“Bunda nggak pernah ngerti apa yang Hanin mau!"

“Kamu mau apa Sayang, kamu mau apa? Bilang sama Bunda! Biar Bunda tau apa yang kamu mau.” Tangis Bunda pecah, terlihat kesedihan yang begitu dalam yang sedang Bunda rasakan. “Apapun yang kamu mau akan Bunda kasih. Tapi Bunda mohon sama kamu untuk satu hal Sayang, tolong kali ini kamu dengerin Bunda! Bunda nggak mau kamu kenapa-napa.”

“Kenapa, Bun? Bunda takut? Bunda takut Hanin Anfal lagi, Bunda takut Hanin mati dan ninggalin Bunda dengan cepat, iya kan Bun? Iya kan!” bentak ku pada Bunda lepas kontrol, seakan-akan aku tidak sedang berhadapan dengan seorang ibu.

Bunda hanya menangis mendengar perkataan ku, yang mungkin sangat keterlaluan dan melukai perasaan Bunda. Sambil berusaha menghapus butiran air mata yang terus berjatuhan dari kelopak mata Bunda, dan membasahi pipinya tanpa bisa Bunda bendung.

“Hanin udah janji sama Bunda, Hanin pasti kuat. Mungkin karena kelalaian kemarin kondisi Hanin sempat drop, tapi Hanin janji semua itu nggak akan pernah terjadi lagi. Hanin pasti bisa kayak orang normal, Bun. Dan buktinya sampe saat ini Hanin masih bisa bertahan, kan Bun? Meski harus jauh dan tidak tergantung lagi sama semua alat-alat itu. Jadi Hanin mohon sama Bunda! Jangan perlakukan Hanin lagi kayak orang yang mau mati besok. Hanin bosen Bun, Hanin nggak kuat kalau harus kayak gini terus. Biarin Hanin bebas Bun, Hanin sakit bukan berarti lemah. Dan soal kematian. Bunda nggak usah takut, semua orang udah punya waktu yang pasti kapan dia akan mati!” lanjutku sambil berdiri dan mencoba untuk pergi.

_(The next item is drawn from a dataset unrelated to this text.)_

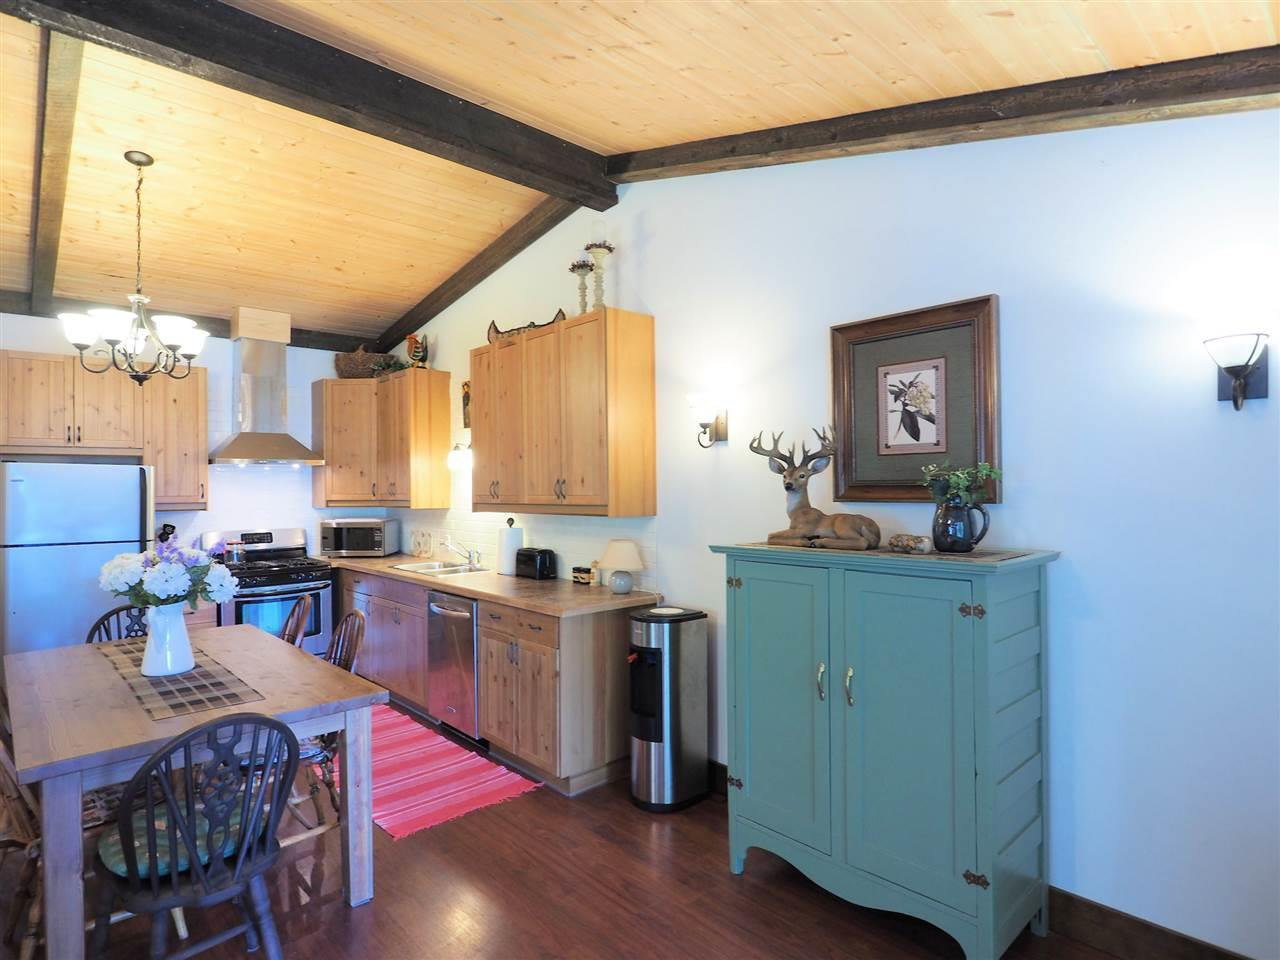 Photo 11: Photos: 8222 CENTENNIAL Road in Bridge Lake: Bridge Lake/Sheridan Lake House for sale (100 Mile House (Zone 10))  : MLS®# R2457362

Tangis Bunda semakin terdengar pilu. Tapi aku sama sekali tidak memperdulikan hal itu. Keegoisanku seakan-akan telah menutup mata hatiku. Bunda menangis pun, aku sama sekali tidak peduli. Namun, baru saja aku melangkahkan kaki, tiba-tiba rasa sakit yang luar biasa menyerang bagian kepalaku. Sampai-sampai tubuh ini kehilangan keseimbangan untuk berdiri. Tubuh ini mendadak lemas dan langsung terhempas jatuh ke lantai. Bunda yang saat itu masih berada di dekatku langsung panik saat aku terjatuh.

“Astagfirullah ... Hanin!” Bunda langsung meraihku dan mengangkat kepalaku, lalu Bunda sandarkan di pangkuannya. Terlihat dari mimik wajah Bunda, beliau begitu panik melihat aku meringis kesakitan.

“Bunda ... Bunda ...” rengek ku. Rasanya aku ingin meminta tolong kepada Bunda, untuk membantuku menghilangkan rasa sakit di kepala ini.

“Kamu tahan ya, Sayang?” tanya Bunda panik, sambil meneteskan air mata.

“Kepala Hanin sakit, Bun ... sakit banget. Aaaaawww,” teriakku sambil menangis, karena sudah tidak tahan dengan rasa sakit ini.

Mendengar itu Bunda semakin panik, apalagi dengan sikapku yang terus meremas bagian kepala sambil meronta-ronta, karena sudah tidak bisa mengontrol lagi rasa sakitnya. Semakin terlihat Bunda sangat cemas dengan keadaanku saat ini.

“Bunda panggil kak Hans ya Sayang, atau tante Dewi,” kata Bunda panik dan hendak beranjak pergi.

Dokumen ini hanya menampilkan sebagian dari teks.